With this challenging context in mind, EPIC set out to learn more about the capacity issues environmental data leaders like CDOs face today—and to define strategies that might help them build or bolster the capacity they need when it comes to environmental data.

What We Learned

To learn more, we conducted a series of interviews with numerous data leaders in environmental agencies (e.g., EPA, NOAA, the Forest Service, DOI). Here are the key things we discovered during the course of those conversations:
We conducted interviews with leaders involved in setting up data intermediaries to find out—and here’s what we learned:

  • Getting buy-in on data work from every corner of the agency is challenging. Environmental agencies create “fractals of silos”—both because regional and field offices tend to have a lot of autonomy, and because scientific work itself often pushes in the direction of specialization. If you need to gain awareness of what’s spread across your warehouse—and eventually label it—you first need to get the attention of many different teams, all with different cultures and ways of operating. That process is important but time-consuming.

  • A lot of time is spent navigating cascading and overlapping policies. The Evidence Act, the Geospatial Data Act, the Nelson Memo, and other data-related policies have created layers of requirements that are not always straightforward for agency staff to navigate and implement in day-to-day work. Keeping with the warehouse analogy, this challenge is like focusing on relabeling existing cardboard boxes only to be told late in the effort that you actually need to use transparent boxes of a certain size for most puzzle pieces.

  • Dedicated communications staffing is one of the most pressing needs. Great communicators were mentioned as one of the top capacity needs to advance data work.
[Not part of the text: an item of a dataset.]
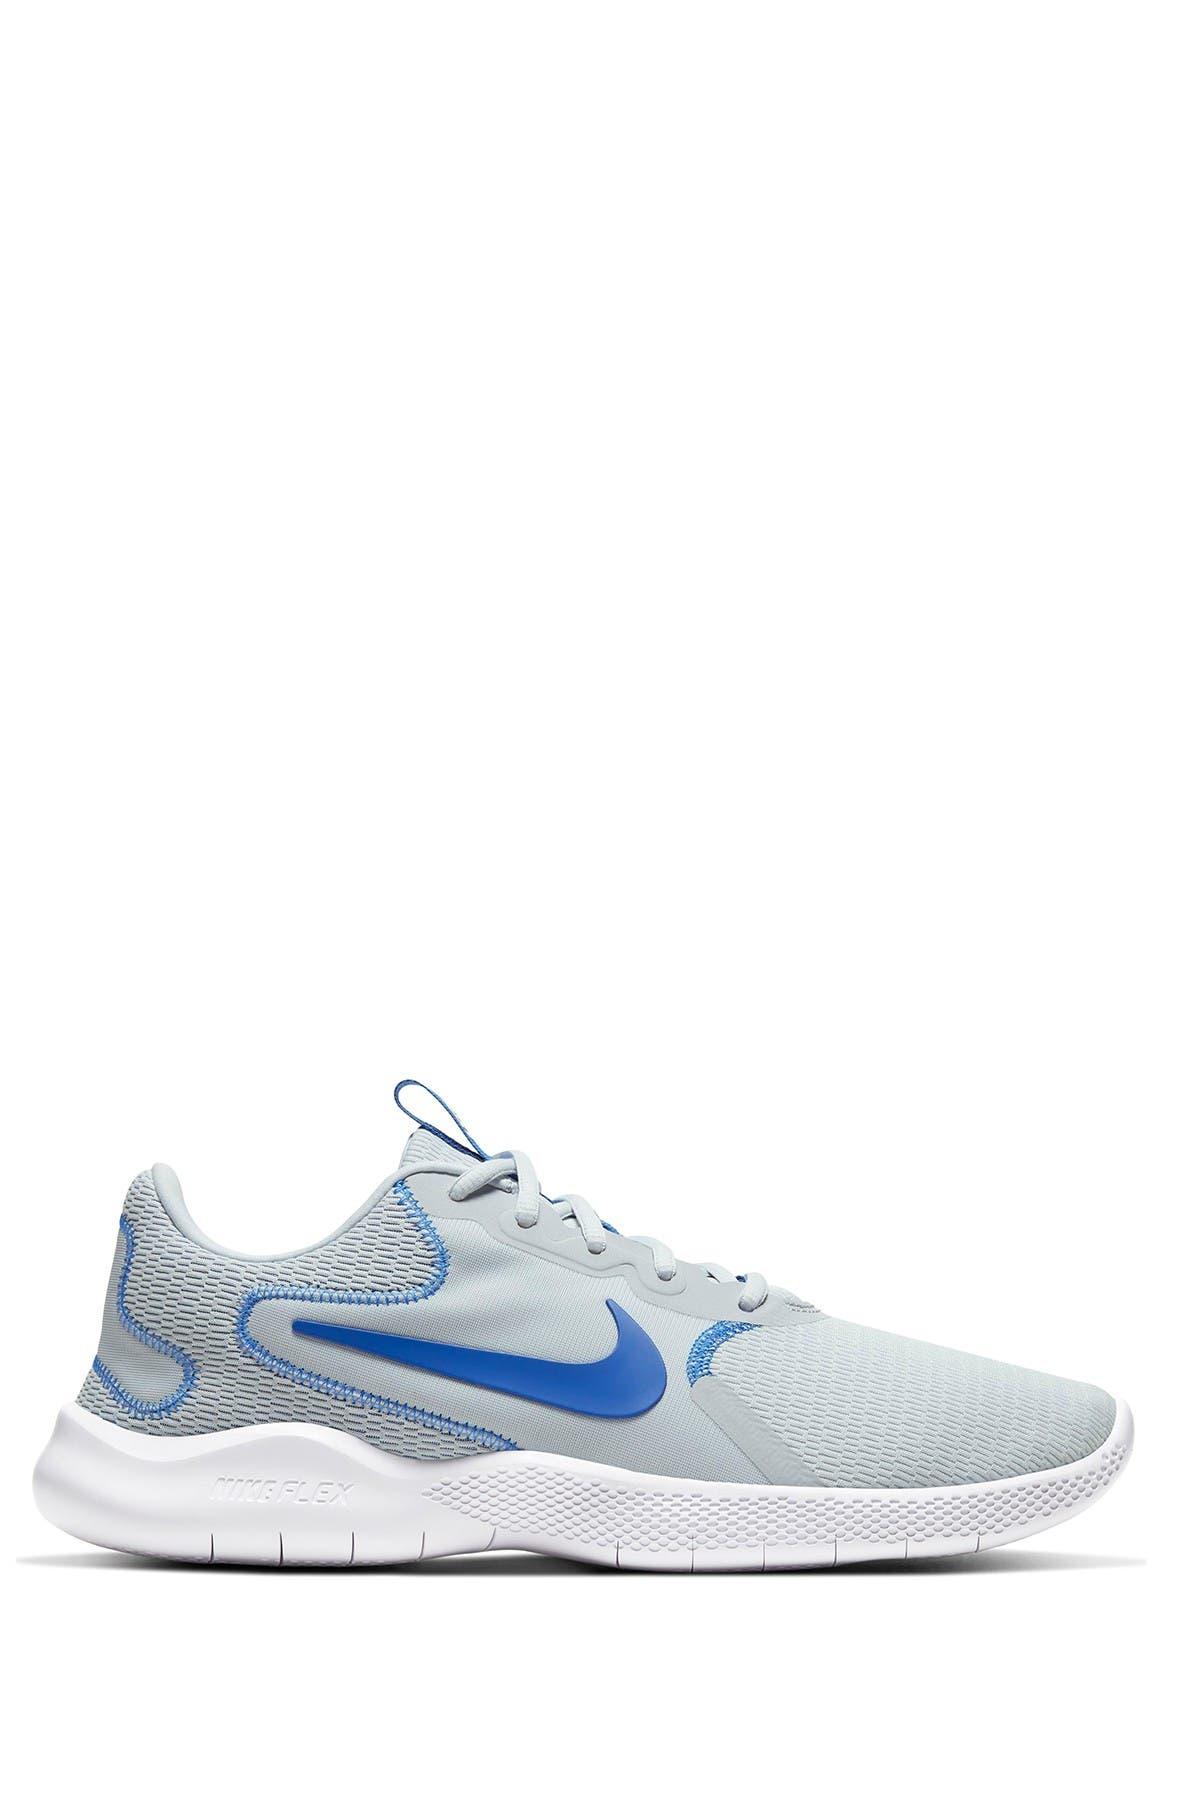 Nike | Flex Experience Running Shoe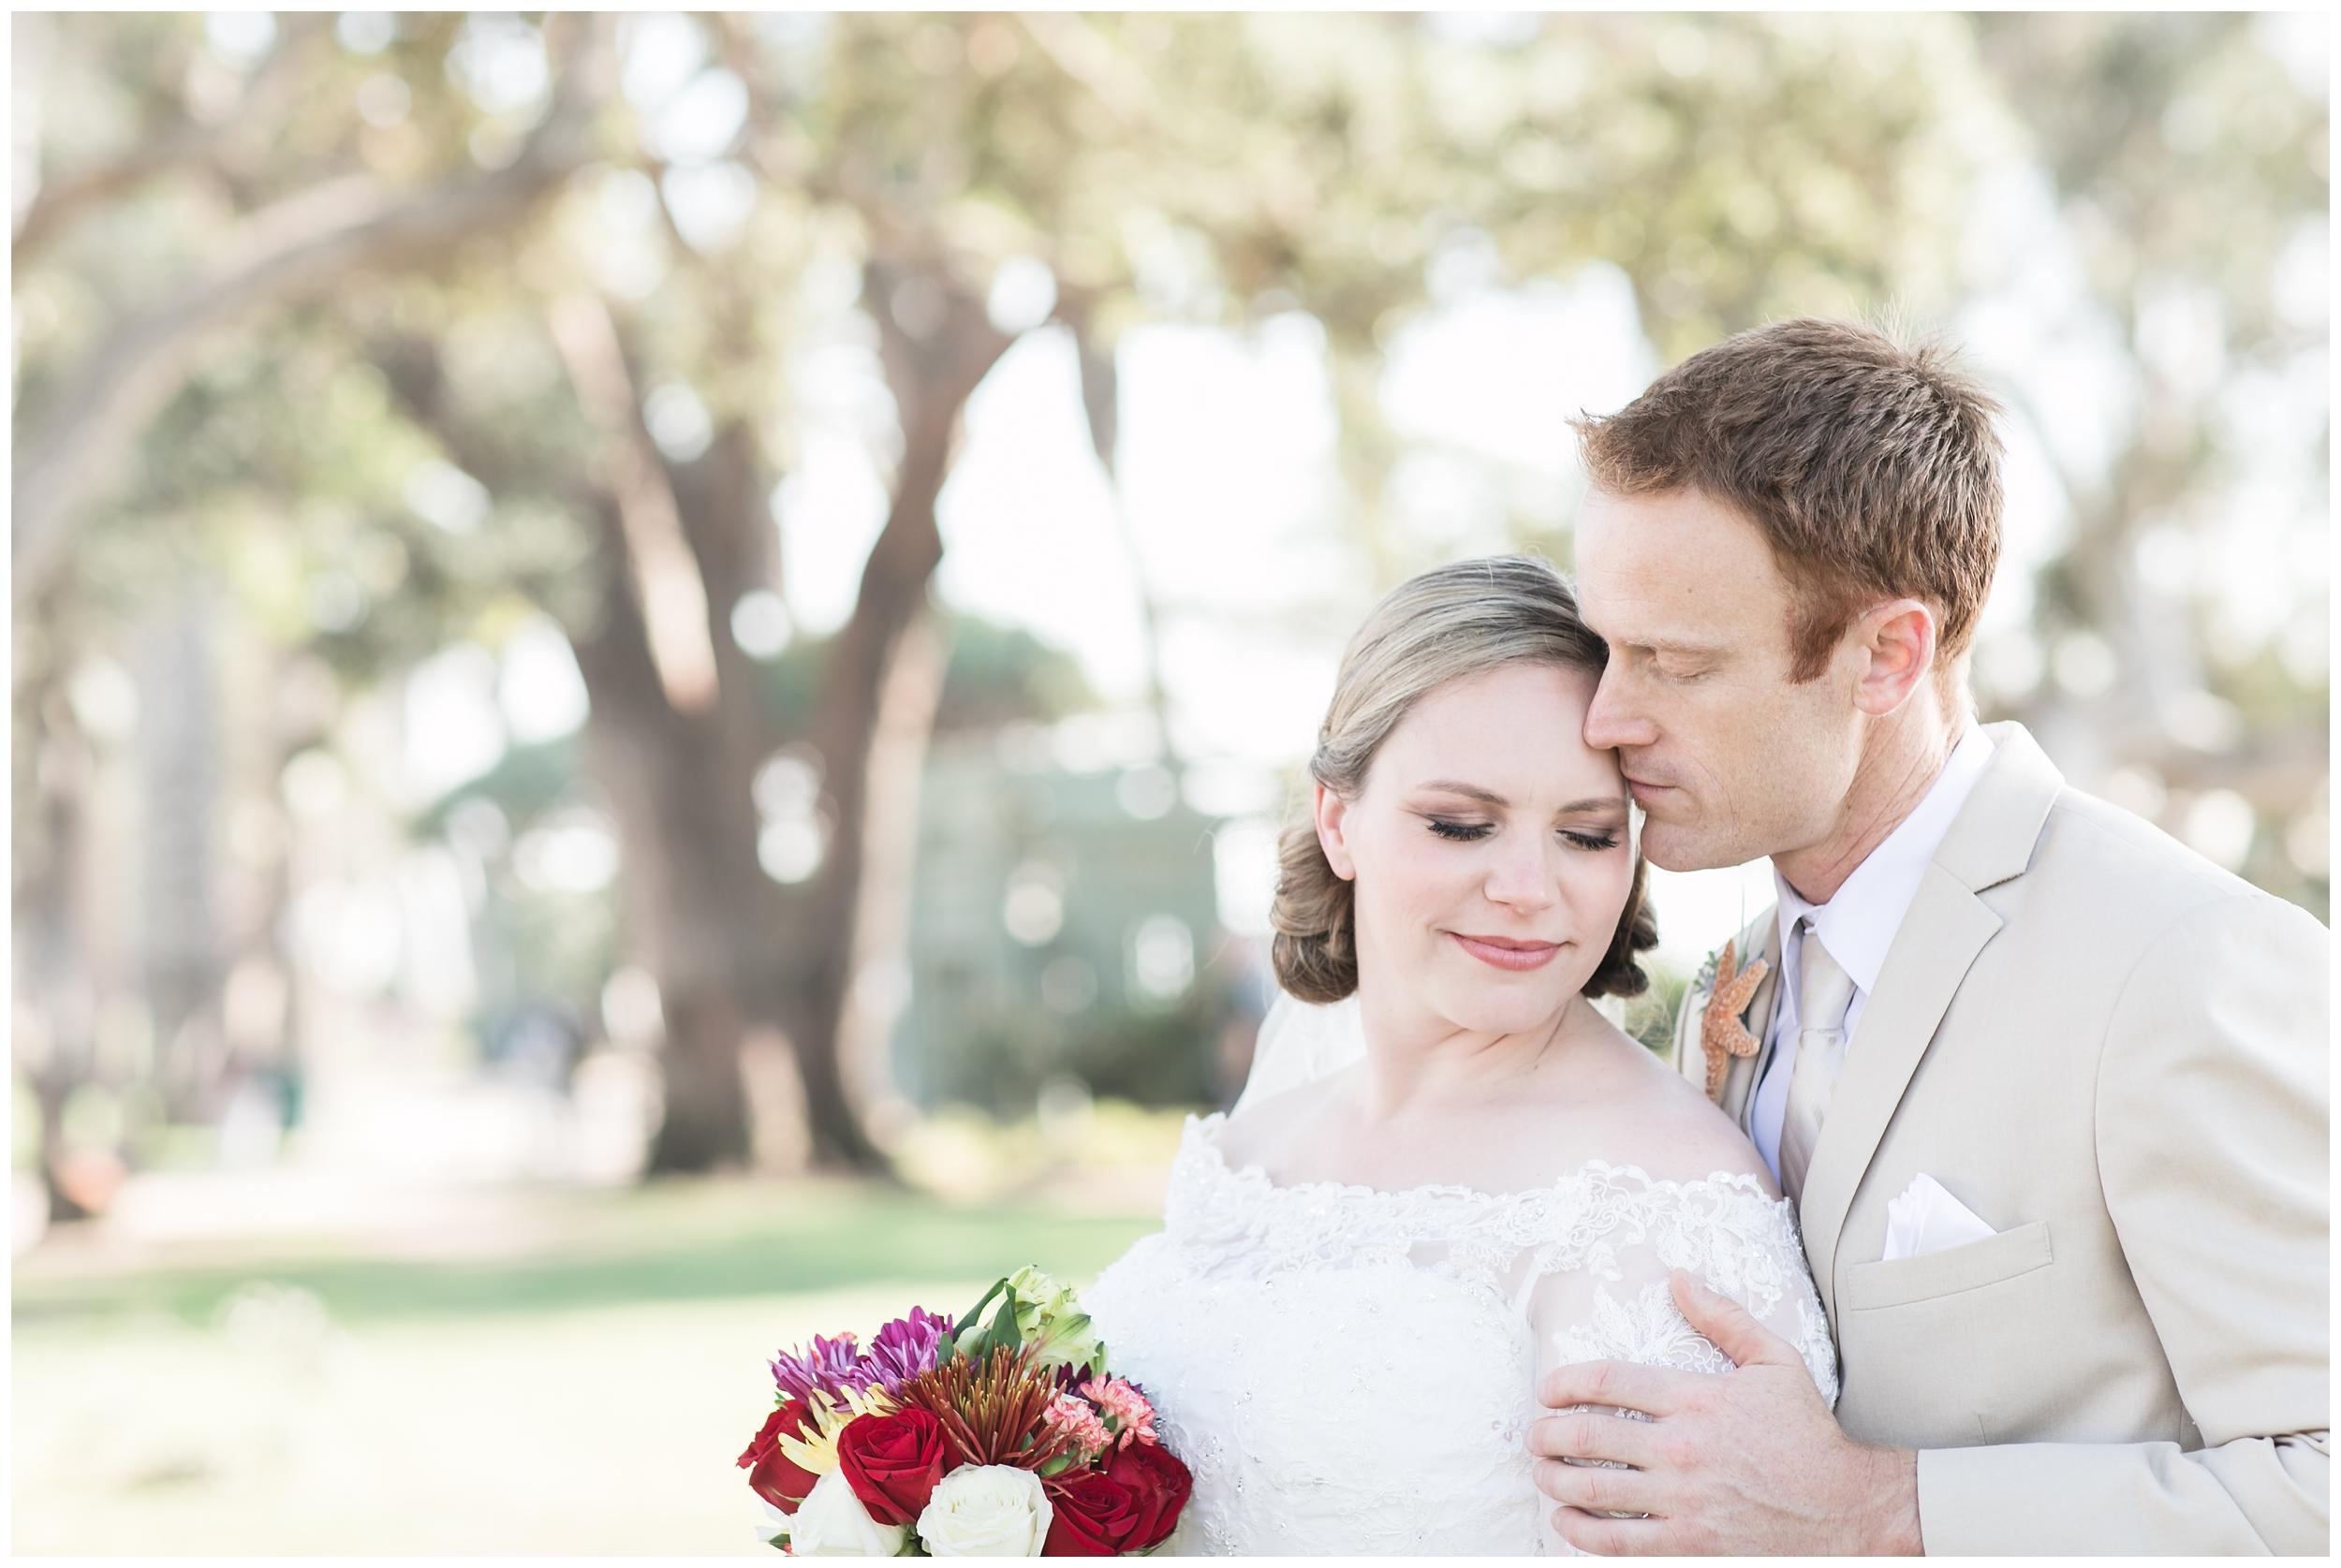 Santa Monica Beach Themed Wedding Carrie Vines wedding photography UCLA wedding

Data leaders are asked to communicate to many audiences and it's almost impossible to over communicate about data policies and processes, and the value of data governance for agency policy goals. Unfortunately, few CDOs have dedicated communications capacity at their disposal. That needs to change.

  • People with other job titles frequently end up stepping into data management roles. For example, many staff originally hired as biologists end up migrating into data roles—with or without formal training in data science or management. Moreover, titles and job descriptions often don’t reflect data-related roles—which not only matters internally for accurate work and role tracking, agency talent investments, etc., but also for signaling accurately to the “external” talent market. In our analogy, people who know their way around the warehouse probably know something about driving a forklift or delivery truck, but potential risks and inefficiencies will crop up if they haven’t been trained to take on those tasks. The same is true for data management.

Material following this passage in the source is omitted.